Maxine écrasa son joint contre la pierre tombale, sous les mirettes-mitraillettes de sa mère. Elle l’avait bien cherché : fallait pas la forcer à venir vider cette vieille baraque dans le trou du cul de la Creuse ! Une chance que sa daronne ait passé les années yéyés dans un pensionnat de bonnes sœurs et ne connaisse que dalle à l’odeur du shit. Elle s’offusquait depuis dix minutes que ça schlingue le barbeuc jusque dans le cimetière.

— Où est-ce que t’as vu ça ? Fumer sur la tombe de ton grand-père !

— Oh, c’est bon… ça va pas lui filer un deuxième cancer.

Frappe oblique dans la nuque. Depuis qu’elle s’était inscrite à l’aïkido, sa mère se prenait pour Bruce Lee. Maxine courba l’échine en grognant, mais sans protester. Elle l’avait un peu mérité.

Après une pause pipi dans les fourrés, elles reprirent la route et leur playlist des années 80 où elles l’avaient laissée. Pour Maxine, cette sélection musicale était à l’image de leur vie de famille : un consensus.

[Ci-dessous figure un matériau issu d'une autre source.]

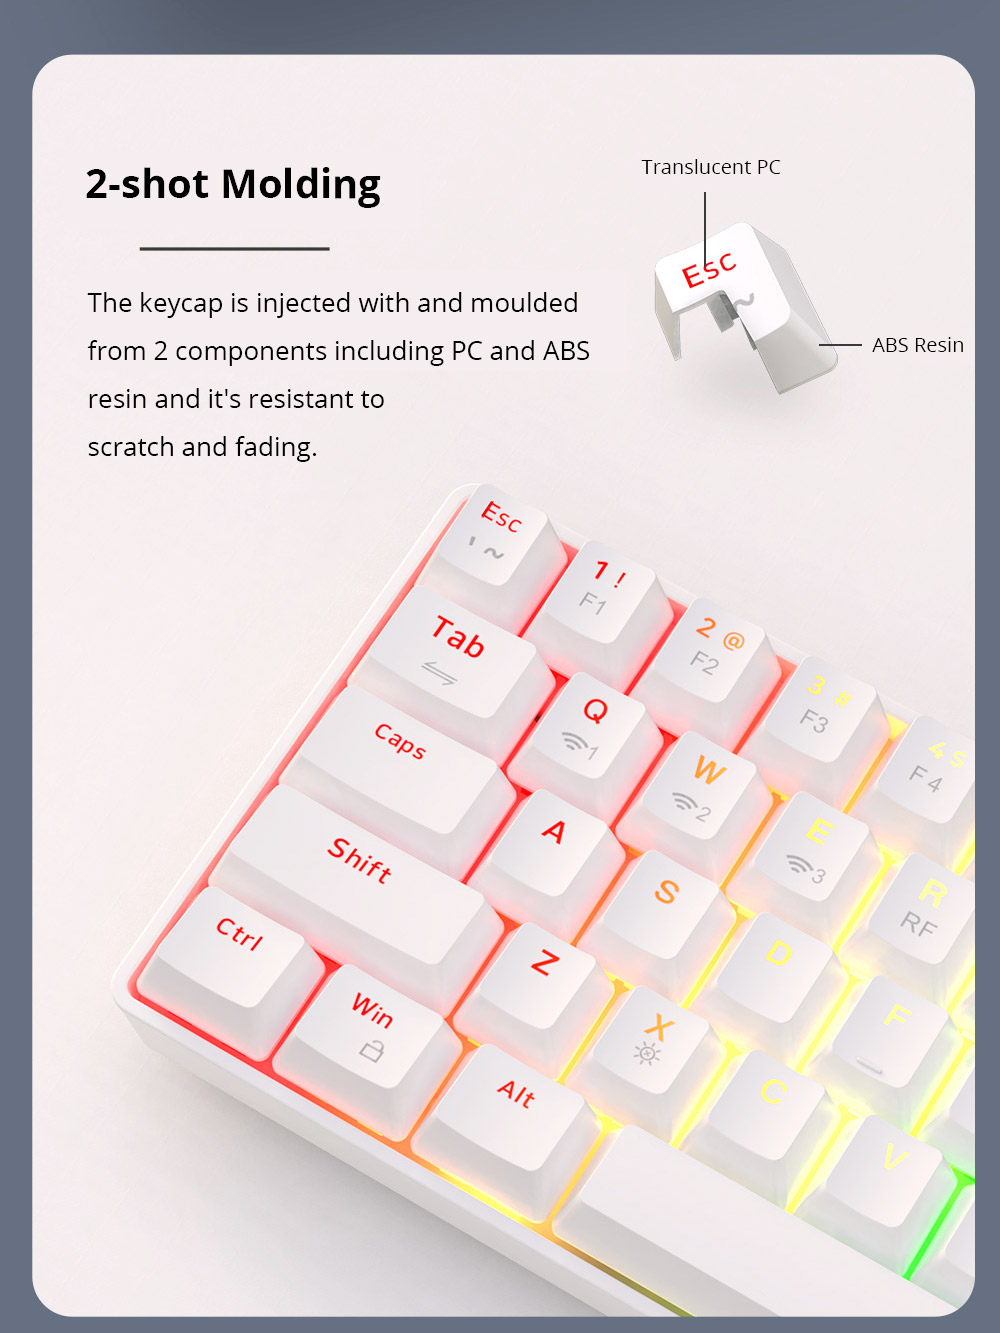 Ajazz K685T RGB Hot-swappable 68 teclas do teclado mecânico, com fio + Bluetooth + conexão sem fio de 2.4 GHz, interruptor vermelho - branco

Sa mère s’obstinait à l’appeler Max ? Le -ine, ça lui tordait la langue ? OK. Elle l’obligeait à traverser la moitié du pays en pleine canicule parce que cet enfoiré d’Aurélien n’avait pas d’autre week-end pour leur filer un coup de main ? Très bien. Et, comme si ça ne suffisait pas, elle se payait aussi le luxe d’imposer un détour de trente minutes pour aller poser sur la tombe de papylou un bouquet de supermarché qui ne passerait pas la journée ? Parfait !

Encore une connerie dans ce genre-là et Maxine risquait de l’étriper. C’était sûr, ce week-end en famille allait finir en fait divers et aucun de ses voisins ne serait là pour s’étonner qu’une jeune fille si gentille, si serviable, ait transformé sa génitrice en trench-coat clouté ! À force de les entendre se gueuler dessus du matin au soir, le quartier devait parier sur qui de la mère ou de la fille buterait l’autre la première. Enfin, quand on ne leur envoyait pas direct les keufs pour réclamer le silence.

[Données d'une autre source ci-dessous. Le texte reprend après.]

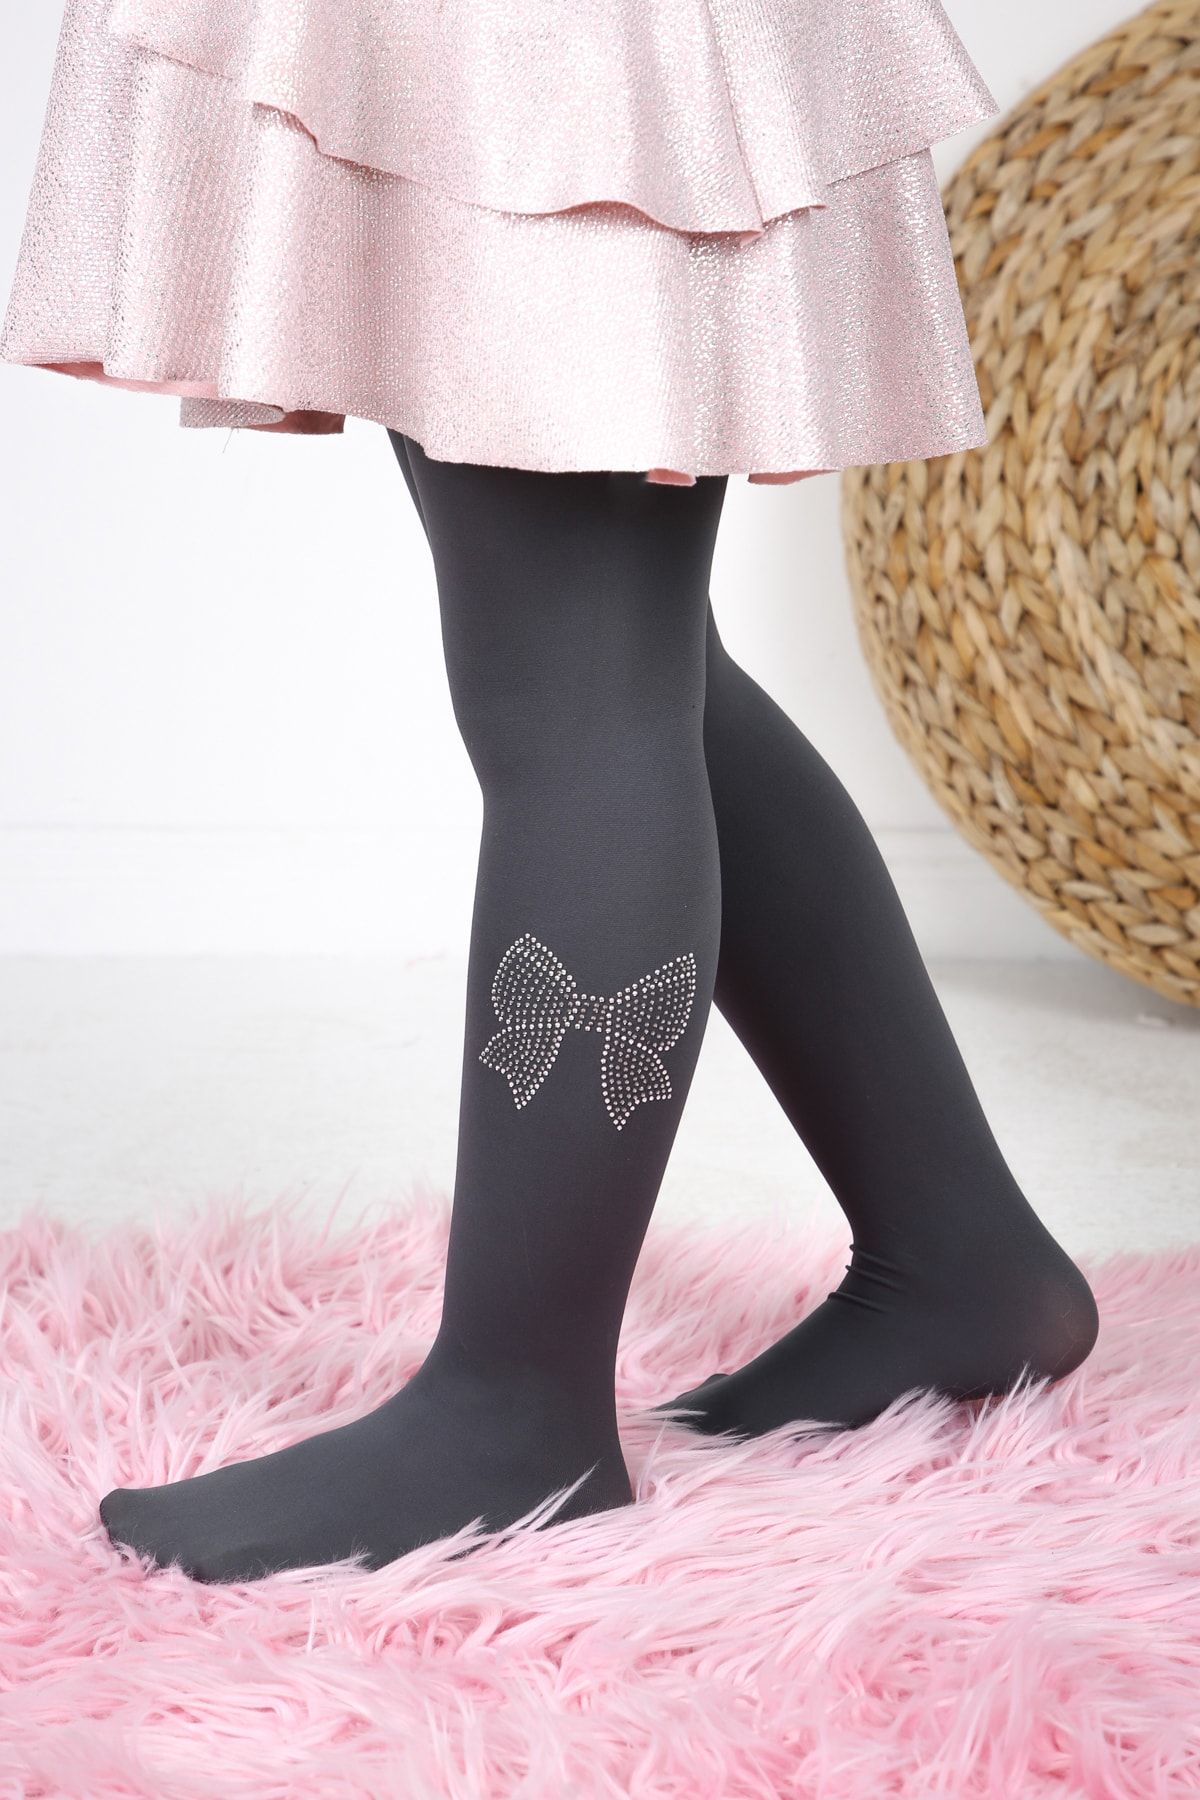 BUONUMARE Kız Çocuk Fiyonk Desen Taş Baskılı Füme Renk Muz Külotlu Çorap 1 Adet

Aurélien les attendait, planté comme un glandu devant le portail du domaine. Y avait bien que lui pour suer en polo par quarante degrés ! Pour de vrai, Maxine regrettait sec que son seul cousin soit aussi nul à chier. Aurélien, c’était pas juste un droitard transphobe et tout-ce-qui-sort-des-cases-phobe. Non, même quand ils étaient mômes et qu’elle se travestissait encore en bon p’tit mec pour faire plaisir, il pouvait pas s’empêcher de se croire au-dessus d’elle.

C'était de la faute d'Aurélien si elle n'avait pas eu de grand-père ; si le truc le plus intime qu'elle avait partagé avec papylou, c'était un mégot sur sa tombe. Y avait de quoi l’avoir mauvaise.

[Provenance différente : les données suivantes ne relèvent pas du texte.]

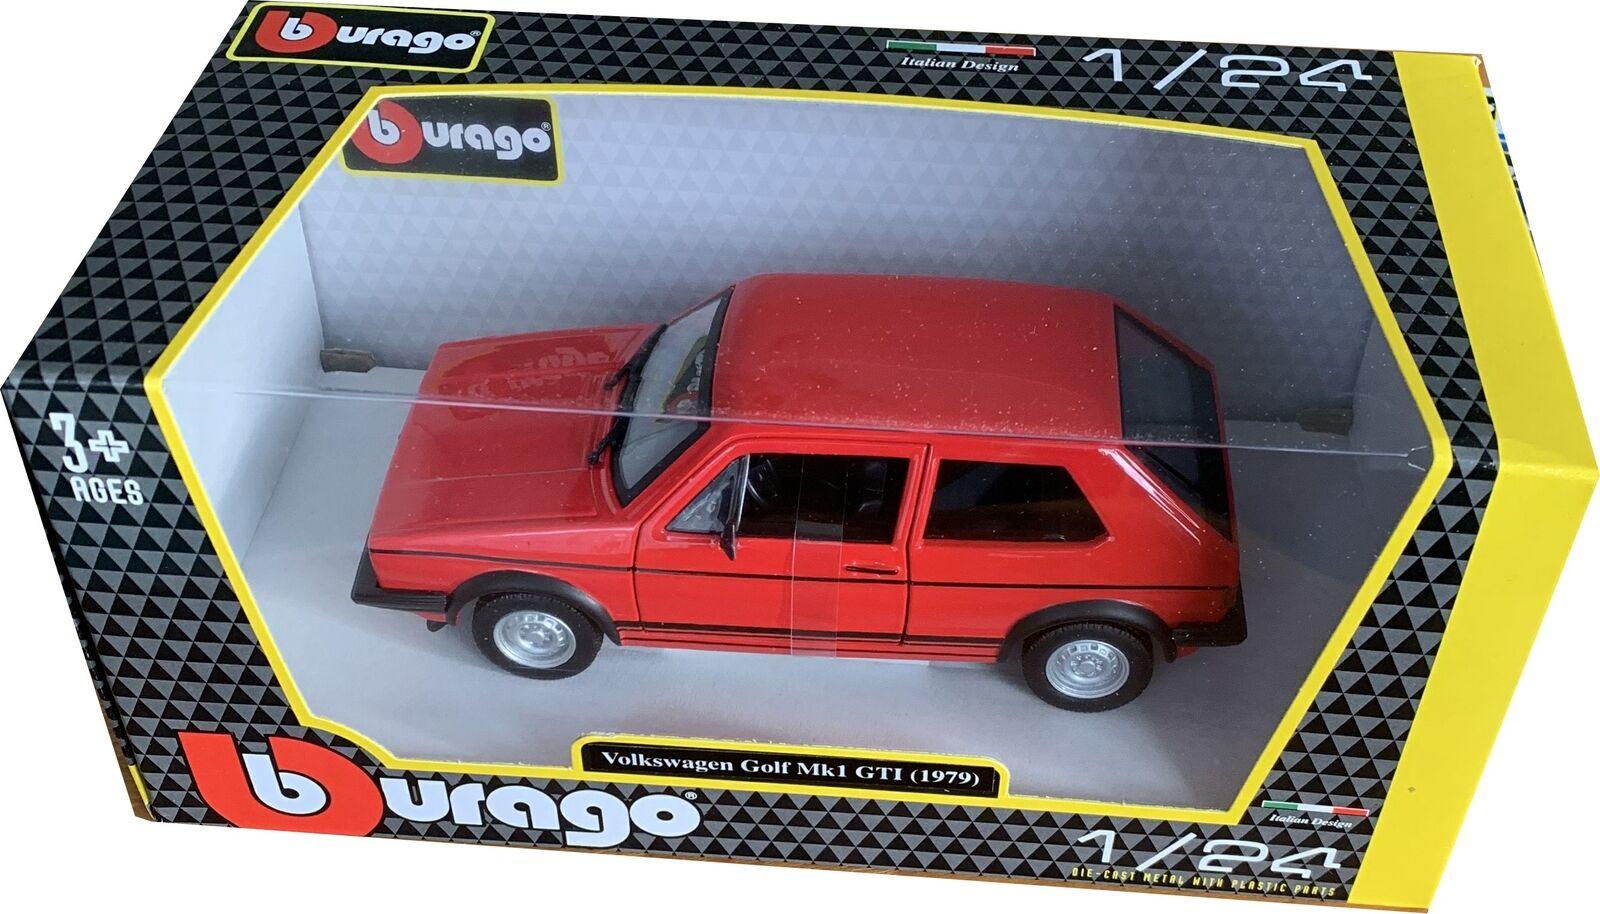 VW Golf GTi mk1 1979 in red 1:24 scale model from Bburago

Il fallut vite s'installer et se mettre aux fourneaux. La nuit allait tomber et il y avait intérêt à se coucher tôt : demain, il y aurait du pain sur la planche.

Deux mois que papylou était parti et rien dans sa vieille masure n'avait bougé. Pendant que sa mère retrouvait sa chambre d'ado et ses posters de Sardou, Maxine grimpait à l'étage du lit superposé de la chambre des enfants, là où Aurélien et elle créchaient plus jeunes.

— Eh, Max, je peux dormir là ?

— Alors, déjà, je t'appelle pas Aurél, donc tu m'appelles Maxine. Et puis pourquoi tu dors pas dans la piaule de ton père ? Ou bien celle du vieux ? T'étais son chouchou, non ?

— Le volet de mon père ne ferme plus. Et la chambre de papy, elle… sent mauvais.

Sûr, ici, c'était pas la minuscule lucarne qui risquait de laisser filtrer la lumière, ni rentrer le moindre courant d'air. Déjà qu'elle crevait de chaud, Maxine n'avait aucune envie de dormir avec les odeurs de pets de son cousin. Mais bon, elle avait quelque chose à lui demander.

— T'as toujours les appeaux ?

— Les appeaux ?

— Tu sais, ceux que papylou t'avait filés ? Me dis pas que tu les as bazardés ! Si c'est le cas, j'te tabasse.

— Non, non, ils sont… juste rangés.

Pas croyable ! Aurélien était encore plus coincé du cul que dans ses souvenirs. Au moins, aucun petit gaz ne fuita pendant la nuit. Au matin, Maxine fut réveillée par le chant des oiseaux.

Elle descendit l'échelle comme au bon vieux temps, sans réveiller le cousin qui ronflait encore dans une de ses positions chelous.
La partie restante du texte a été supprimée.